Work instruction:
The answer is to be an exact copy of the lines below running from the line with "Tyler Tysdal Entrepreneur" down to the line with "INCA IWM-531RG 1600 Maus, Grau DPI", both ends included, and nothing more.

Extracted entries:

------------------------

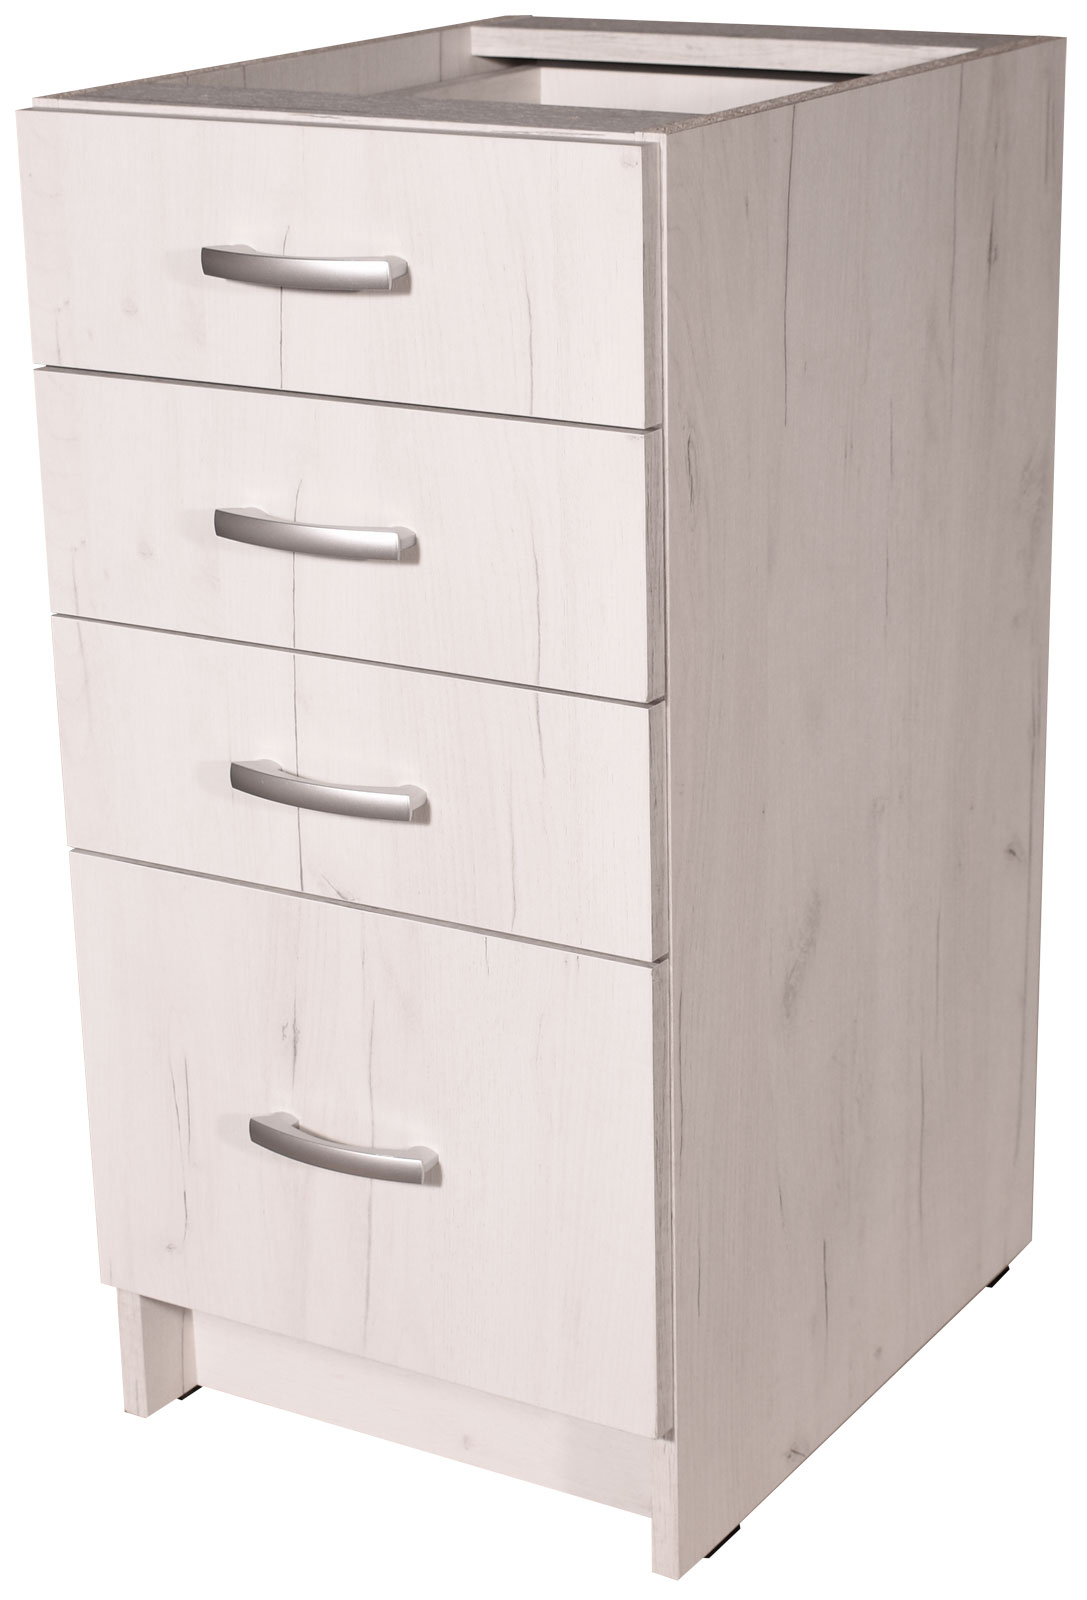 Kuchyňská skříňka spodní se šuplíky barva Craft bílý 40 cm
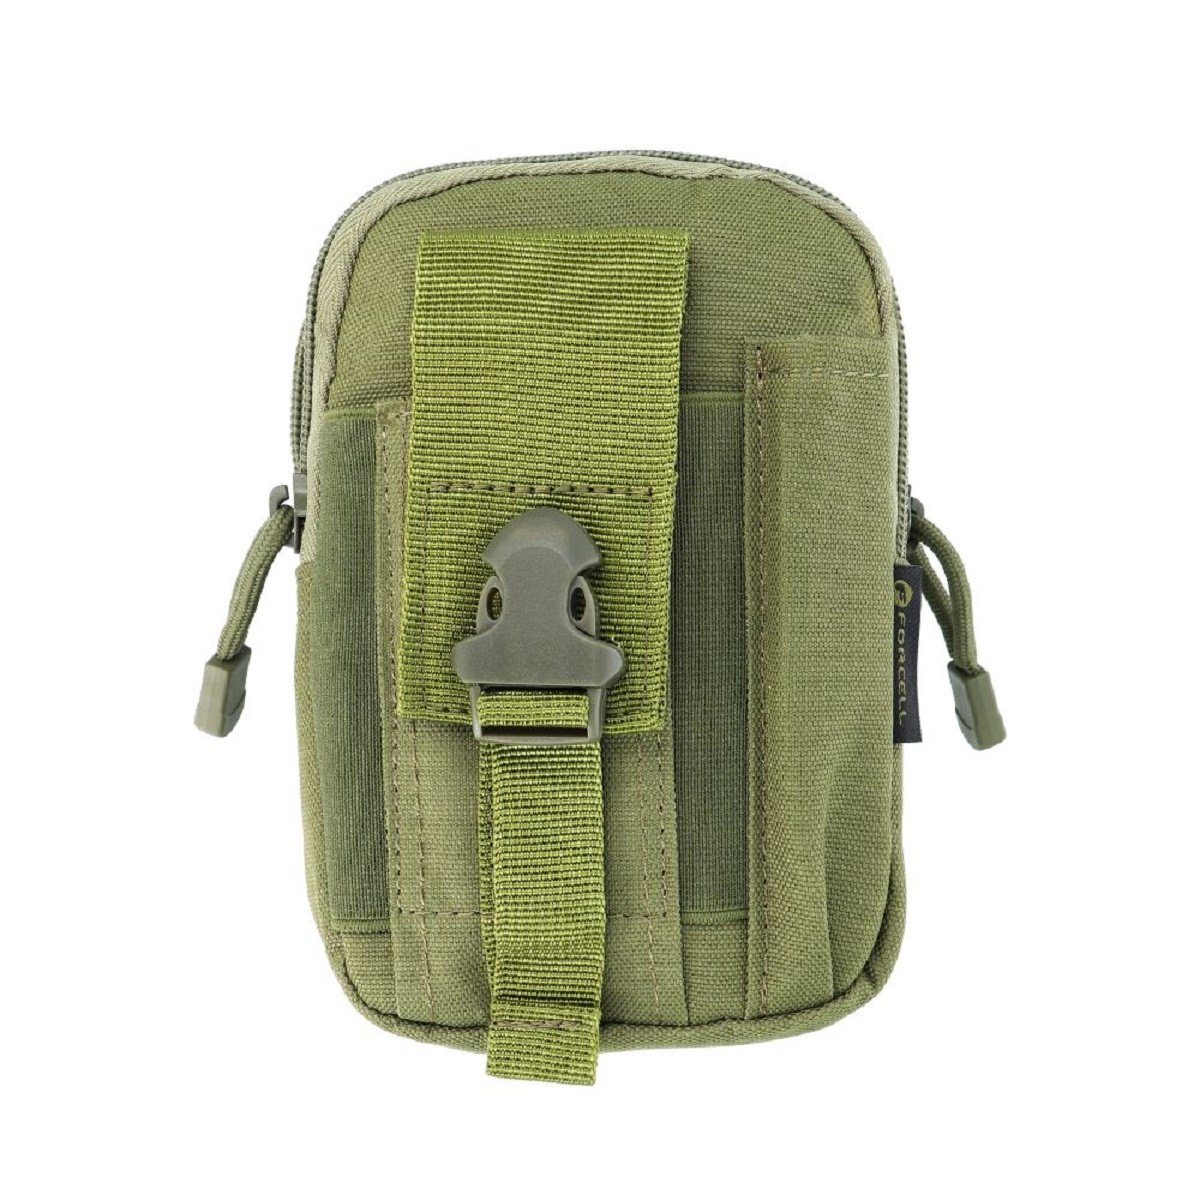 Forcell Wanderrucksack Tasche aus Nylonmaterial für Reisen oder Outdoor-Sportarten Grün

------------------------

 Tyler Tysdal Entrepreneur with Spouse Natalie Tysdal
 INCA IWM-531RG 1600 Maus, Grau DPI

------------------------

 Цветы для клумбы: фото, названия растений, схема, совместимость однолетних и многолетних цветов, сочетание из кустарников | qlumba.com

------------------------

Expected output:
 Tyler Tysdal Entrepreneur with Spouse Natalie Tysdal
 INCA IWM-531RG 1600 Maus, Grau DPI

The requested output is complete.